Section 1. Committees of Directors. The Board of Directors may, by resolution adopted by a majority of the whole Board of Directors, designate one or more committees, each consisting of one or more directors, to serve at the pleasure of the board. The board may designate one or more directors as alternate members of any committee, who may replace any absent or disqualified member at any meeting of the committee. In the absence or disqualification of a member of a committee, the member or members thereof present at any meeting and not disqualified from voting, whether or not he or they constitute a quorum, may unanimously appoint another member of the Board of Directors to act at the meeting in the place of any such absent or disqualified member.

Any committee, to the extent provided in the resolution of the board, shall have and may exercise all the powers and authority of the board in the management of the business and affairs of the corporation, and may authorize the seal of the corporation to be affixed to all papers which may require it; but no such committee shall have the power or authority in reference to amending the certificate of incorporation, adopting an agreement of merger or consolidation under Sections 251 or 252 of the General Corporation Law of Delaware, recommending to the stockholders the sale, lease or exchange of all or substantially all of the corporation’s property and assets, recommending to the stockholders a dissolution of the corporation or a revocation of a dissolution, or amending the bylaws of the corporation; and, unless the resolution or the certificate of incorporation expressly so provide, it shall not have the power or authority to declare a dividend to authorize the issuance of stock, or to adopt a certificate of ownership and merger pursuant to Section 253 of the General Corporation Law of Delaware.

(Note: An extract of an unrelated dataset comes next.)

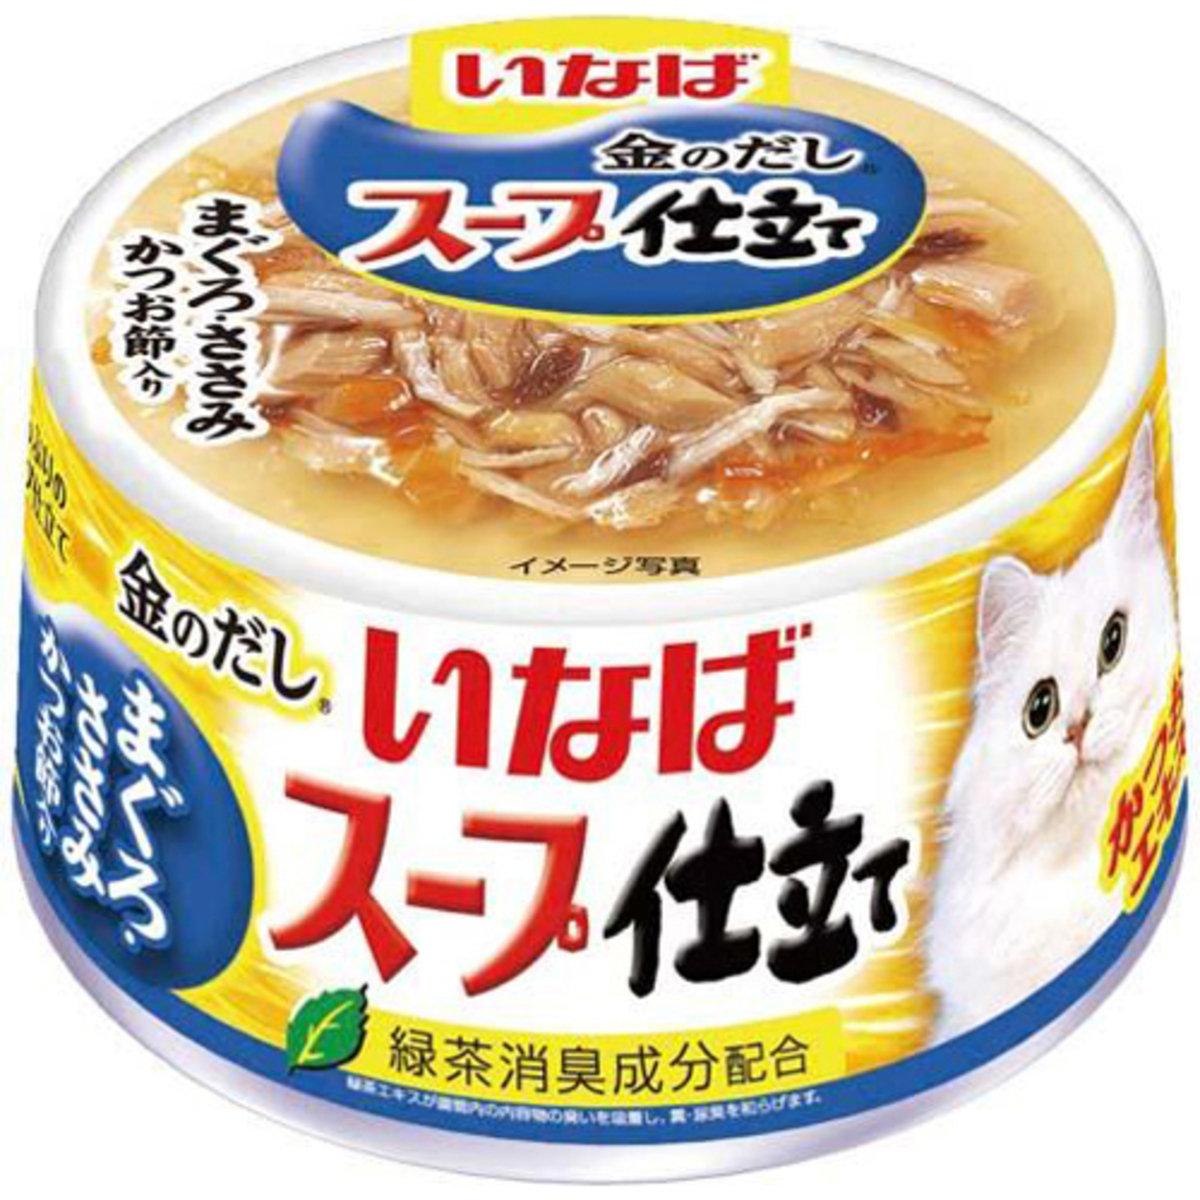 INABA 綠茶雞肉鰹魚金槍魚魚片 IM-234 80g

Section 2. Meetings and Action of Committees. Meetings and actions of committees shall be governed by, and held and taken in accordance with, the provisions of Article III of these bylaws, with such changes in the context of those bylaws as are necessary to substitute the committee and its members for the Board of Directors and its members, except that the time of regular meetings of committees may be determined either by resolution of the Board of Directors or by resolution of the committee; special meetings of committees may also be called by resolution of the Board of Directors; and notice of special meetings of committees shall also be given to all alternate members, who shall have the right to attend all meetings of the committee. The Board of Directors may adopt rules for the government of any committee not inconsistent with the provisions of these bylaws.

 

ARTICLE V

OFFICERS

Section 1. Officers. The officers of the corporation shall be a chief executive officer, a president, a secretary and a chief financial officer. The corporation may also have, at the discretion of the Board of Directors, a chairman of the board, one or more vice presidents, one or more assistant secretaries, and such other officers as may be appointed in accordance with the provisions of Section 3 of this Article V. Any number of offices may be held by the same person.

Section 2. Election of Officers. The officers of the corporation, except such officers as may be appointed in accordance with the provisions of Section 3 or Section 5 of this Article V, shall be chosen by the Board of Directors, and each shall serve at the pleasure of the board, subject to the rights, if any, of an officer under any contract of employment.

Section 3. Subordinate Officers. The Board of Directors may appoint, and may empower the chief executive officer to appoint, such other officers as the business of the corporation may require, each of whom shall hold office for such period, have such authority and perform such duties as are provided in the bylaws or as the Board of Directors (or the chief executive officer as empowered by the Board of Directors) may, from time to time, determine.

Section 4. Removal and Resignation of Officers. Subject to the rights, if any, of an officer under any contract of employment, any officer may be removed, either with or without cause, by the Board of Directors, at any regular or special meeting of the board, or, except in case of an officer chosen by the Board of Directors, by any officer upon whom such power of removal may be conferred by the Board of Directors.

Any officer may resign at any time by giving written notice to the corporation. Any resignation shall take effect at the date of the receipt of that notice or at any later time specified in that notice; and, unless otherwise specified in that notice, the acceptance of the resignation shall not be necessary to make it effective. Any resignation is without prejudice to the rights, if any, of the corporation under any contract to which the officer is a party.

Section 5. Vacancies in Offices. A vacancy in any office because of death, resignation, removal, disqualification or any other cause shall be filled in the manner prescribed in these bylaws for regular appointments to that office.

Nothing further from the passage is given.